Still, there are a few peculiarities and problems with this installation. The short median barrier, intended to discourage cyclists from cutting the corner, leaves a channel too narrow for a cargo tricycle or trailer. These would have to pass to the right of the barrier.

One potential problem with a contraflow lane is that it places cyclists in close proximity to opposite-direction traffic, making it harder to avoid collisions with vehicles that fail to yield when turning. For example, the red car headed toward the camera in the photo above might make a right turn into the driveway, the equivalent of a left turn in countries where traffic keeps right.

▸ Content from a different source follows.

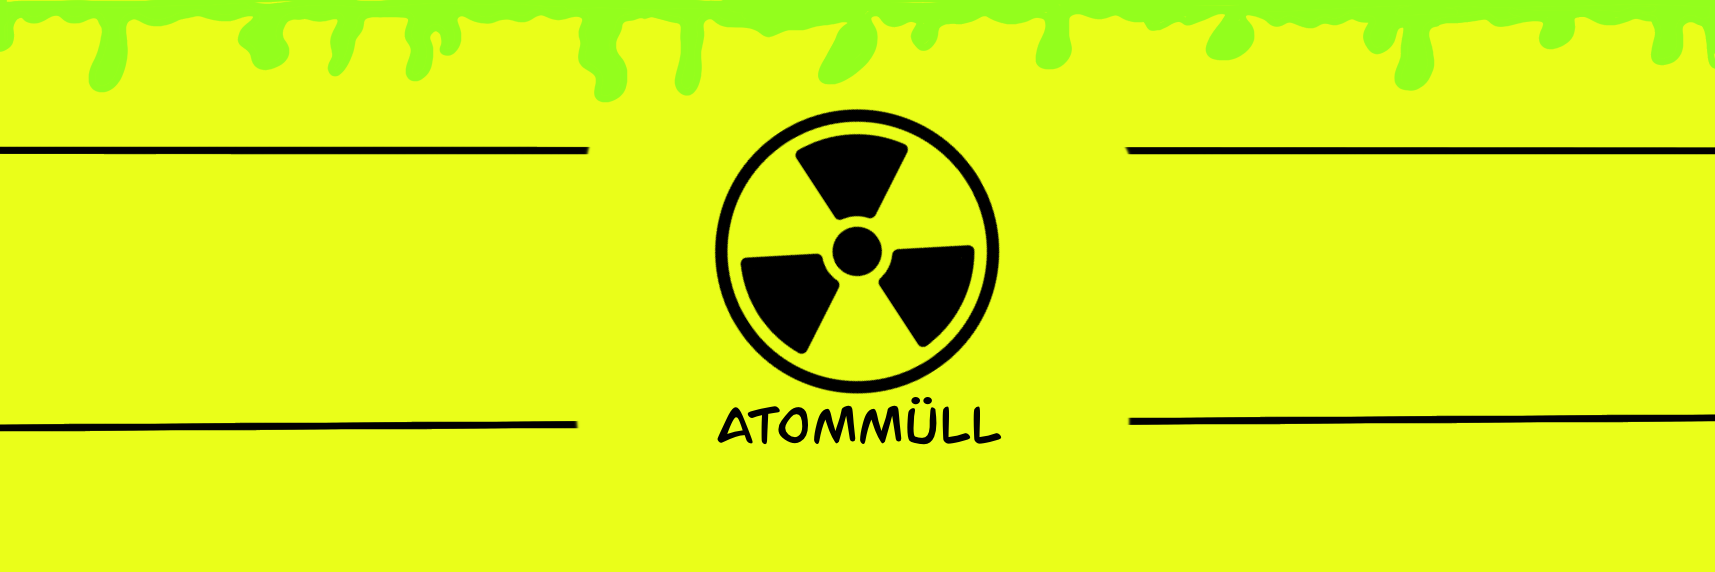 Atommuell-Banderole
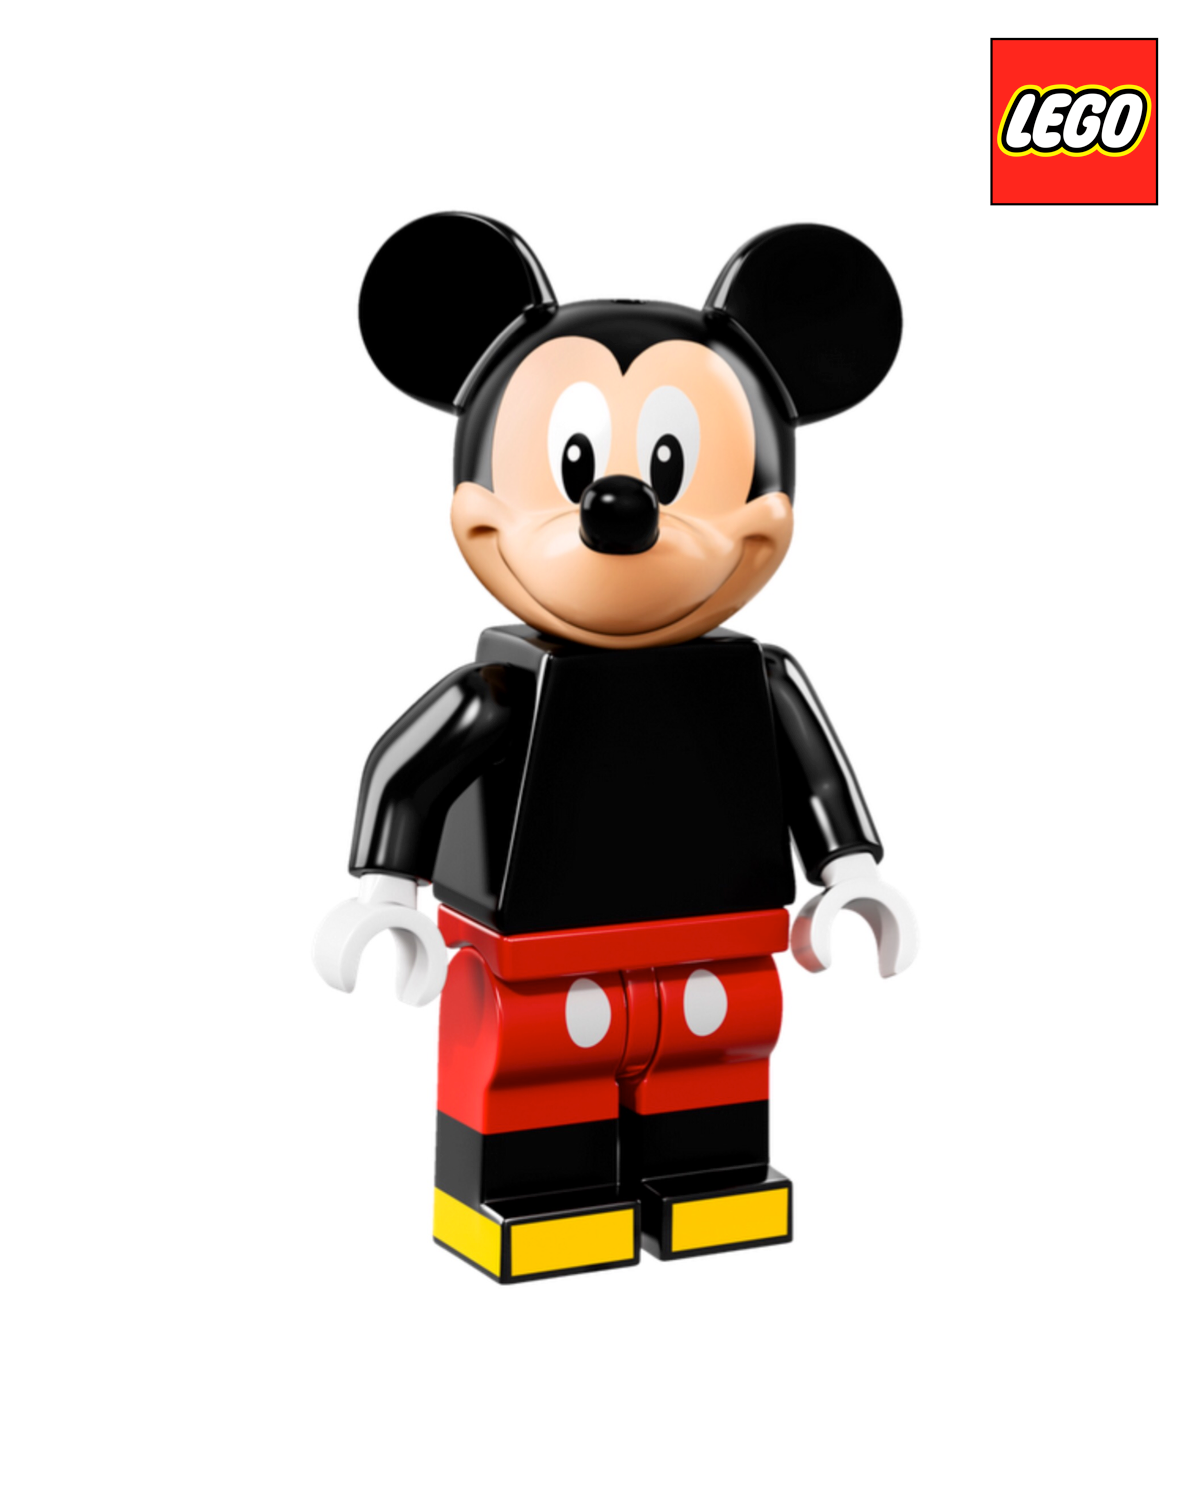 Mickey Mouse - Disney - Series 1  | LEGO Minifigure | NEW CMF

Cyclists can normally negotiate with overtaking motorists and merge toward the center of the roadway to get past slower cyclists or obstructions. But a contraflow lane would require merging into oncoming traffic. That can't be done: it is necessary to wait for a long gap, as when overtaking on any two-lane, two-way roadway. Possibly in an attempt to mitigate conflicts with oncoming traffic, the striping in the London installation defines the bike lane as narrower than the space occupied by parked vehicles in the next block (in the background in the photo). But the travel lane for oncoming traffic is rather wide. A painted median (a "gore") and/or a wider contraflow lane would direct motorists to stay farther away from the cyclists and allow cyclists to overtake without encroaching into the oncoming lane.

The London installation largely avoids one serious conceptual problem with contraflow lanes -- cyclists' taking unexpected routes across intersections. Let's look at the first photo of the London installation again in connection with this problem.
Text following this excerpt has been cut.